_What you need to do_. Locate "La policia desallotja" in the data below, then output the line it is on and all following lines through the last, word for word. Skip any pictures.

_Data segment_.
* * * * * * *
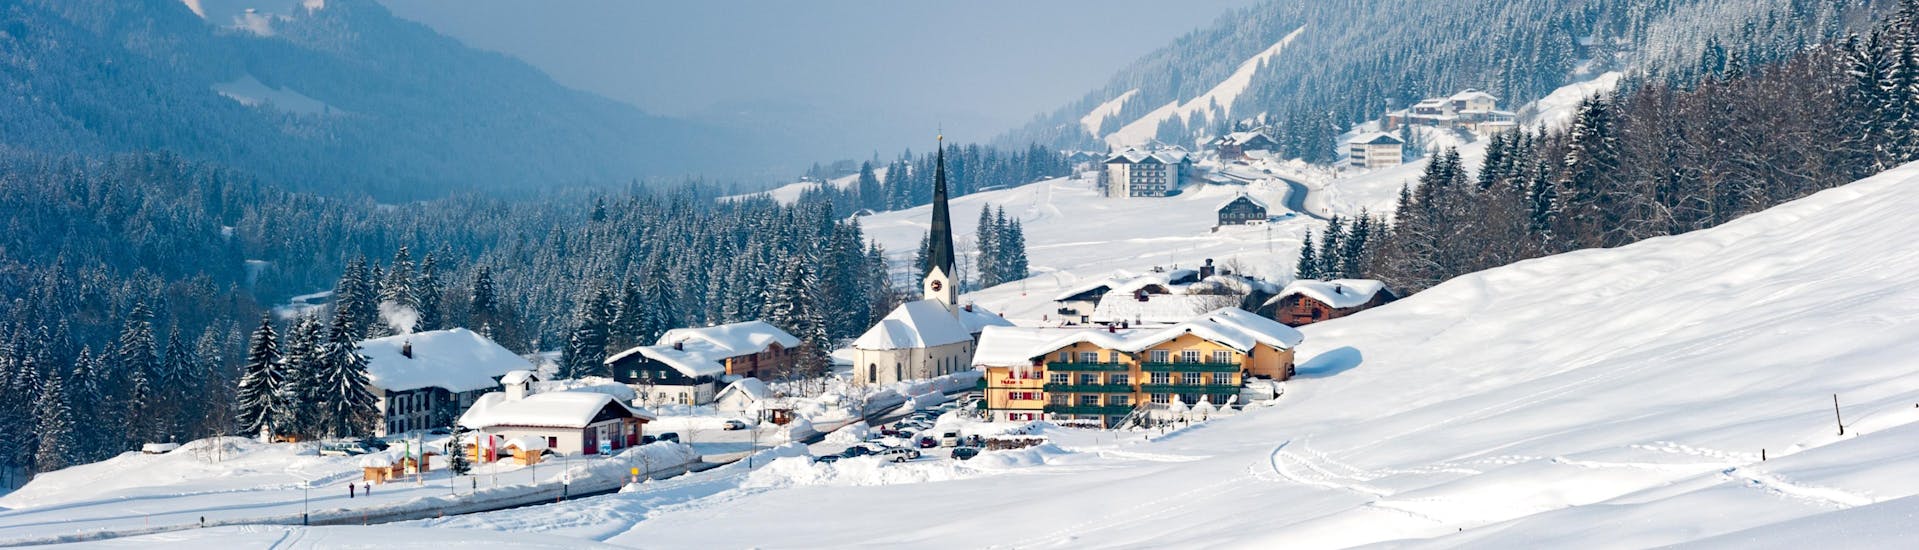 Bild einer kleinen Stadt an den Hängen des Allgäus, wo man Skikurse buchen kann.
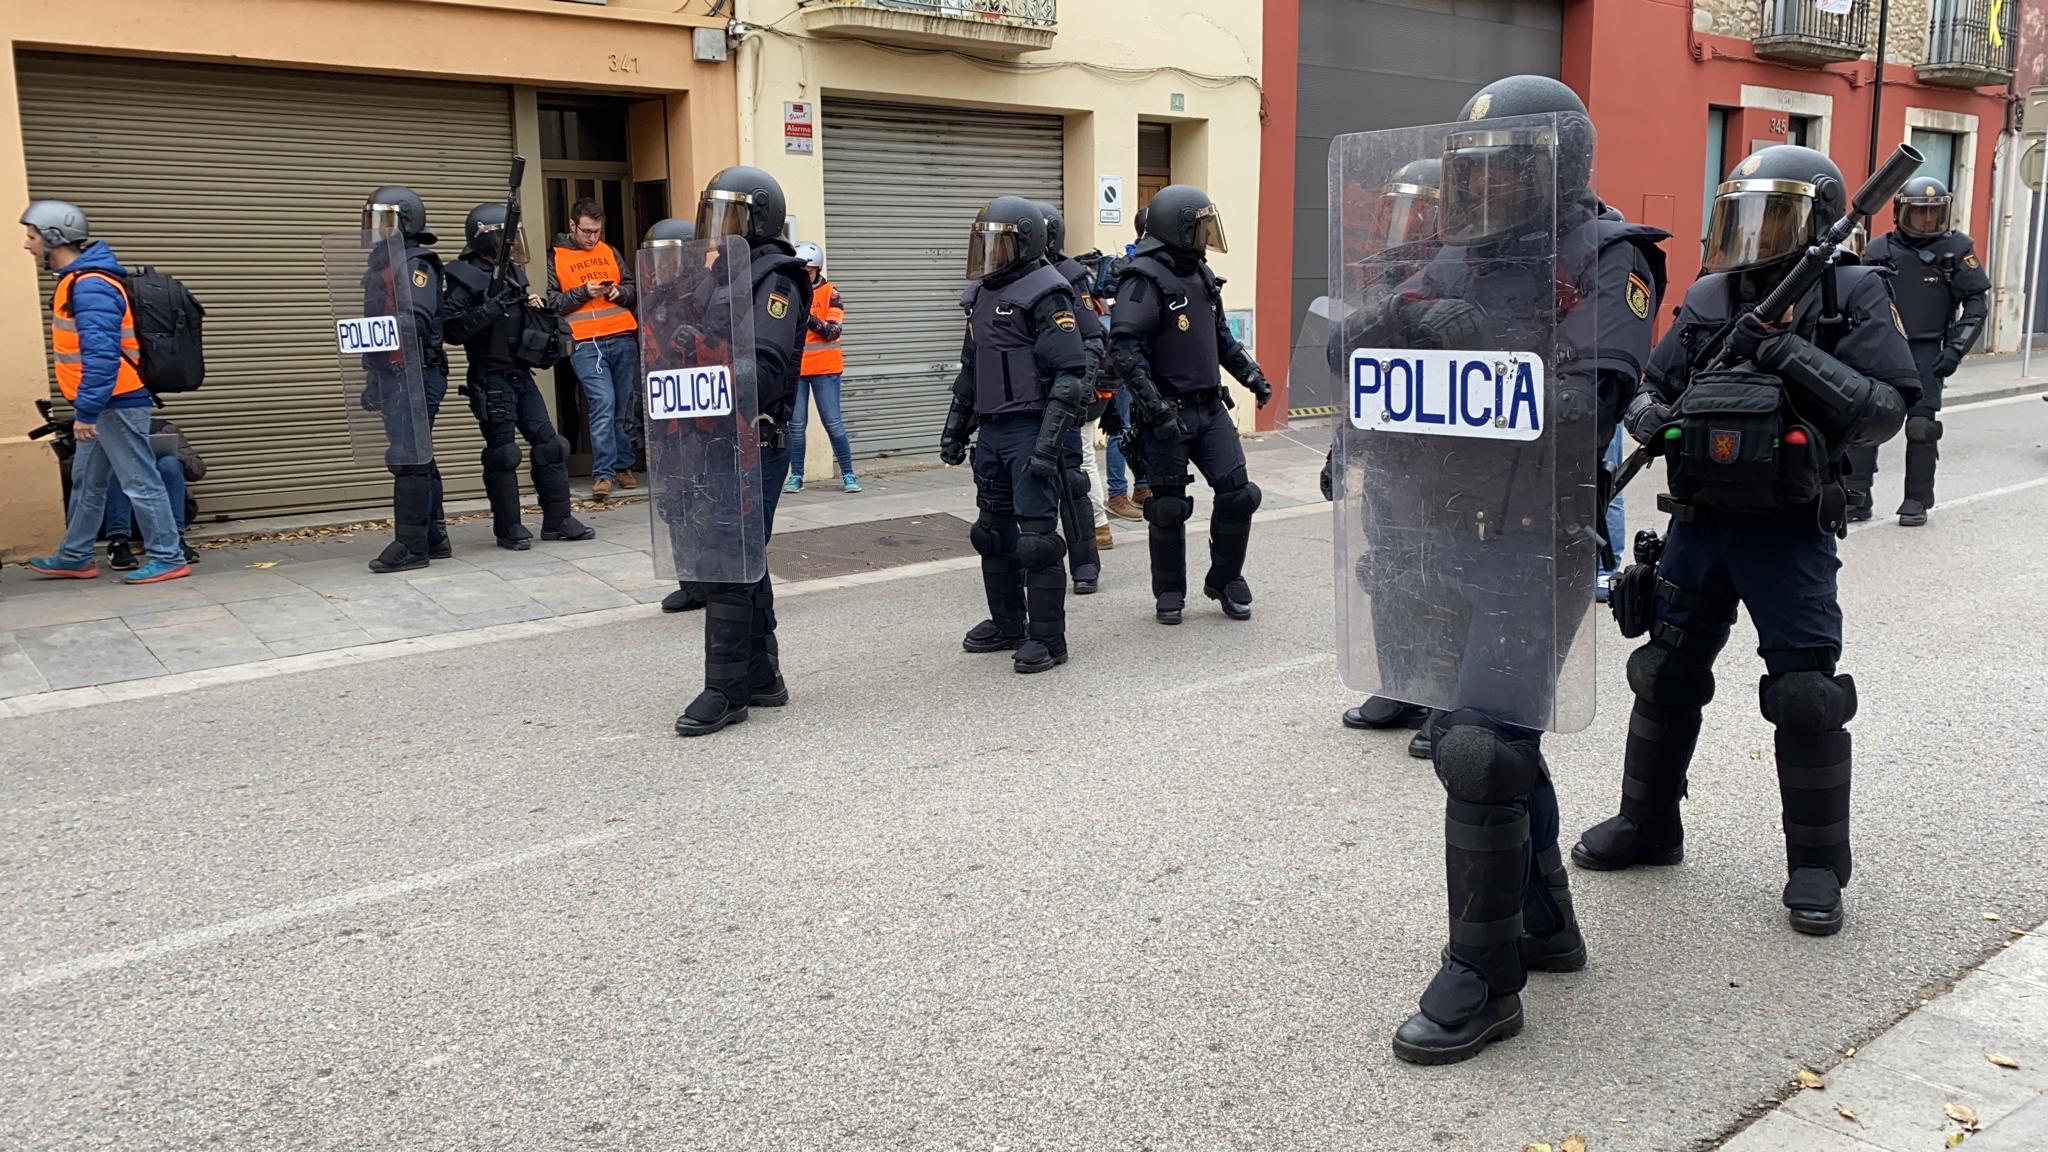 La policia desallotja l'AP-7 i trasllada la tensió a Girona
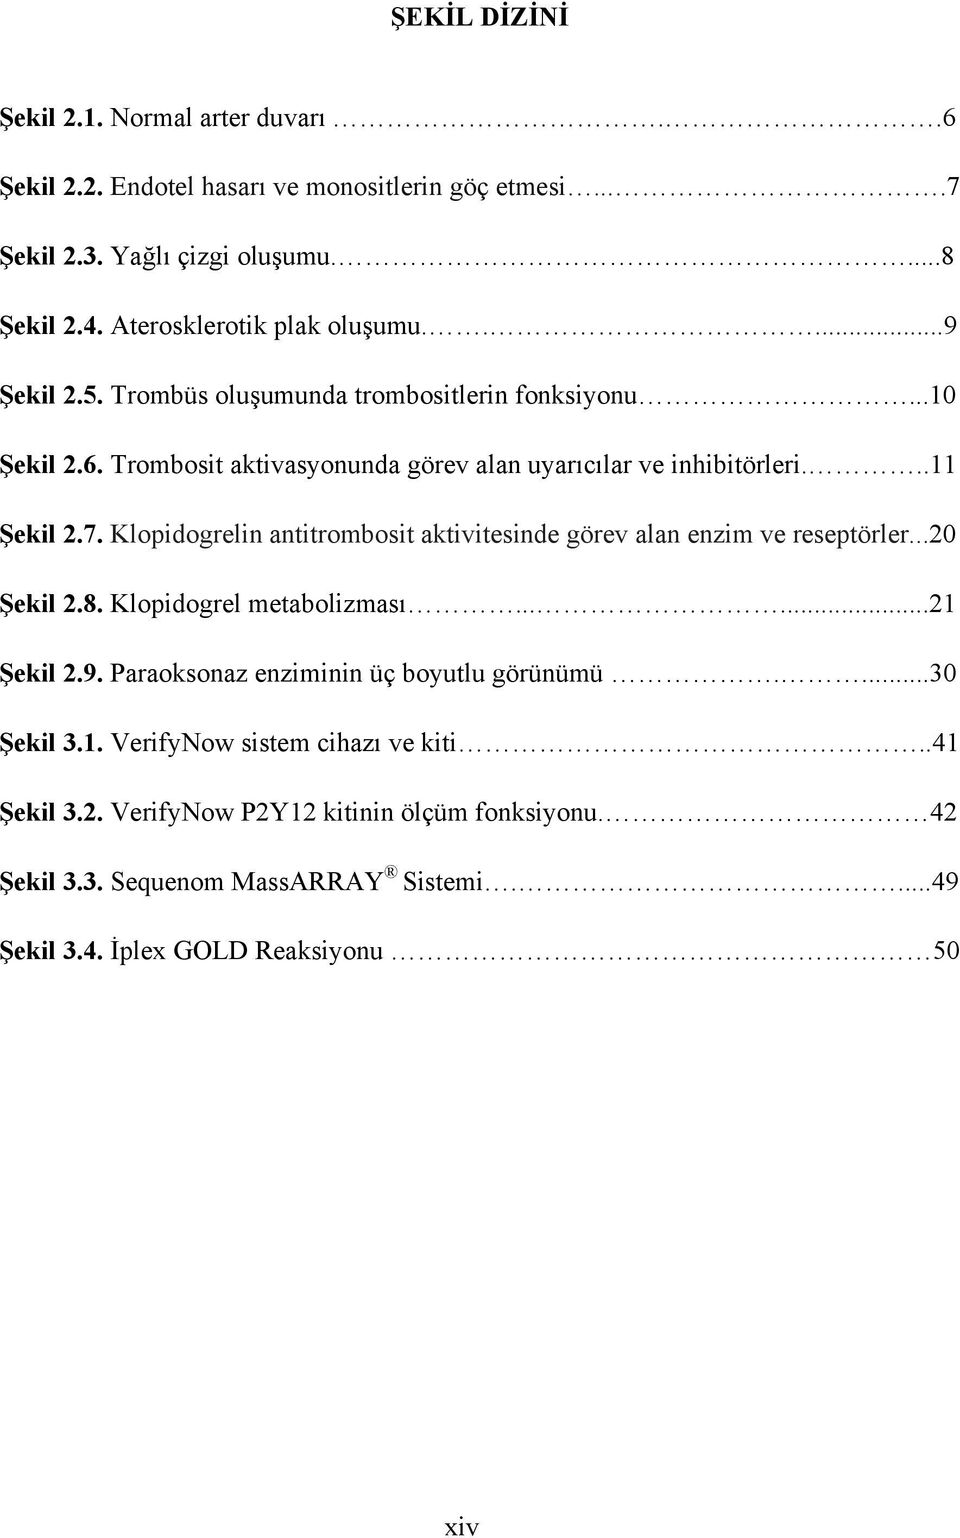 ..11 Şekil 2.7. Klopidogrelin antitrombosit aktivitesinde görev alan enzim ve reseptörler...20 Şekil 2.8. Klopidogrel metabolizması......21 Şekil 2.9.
* * * * * * *
_Response to this exercise_.
 La policia desallotja l'AP-7 i trasllada la tensió a Girona
 ..11 Şekil 2.7. Klopidogrelin antitrombosit aktivitesinde görev alan enzim ve reseptörler...20 Şekil 2.8. Klopidogrel metabolizması......21 Şekil 2.9.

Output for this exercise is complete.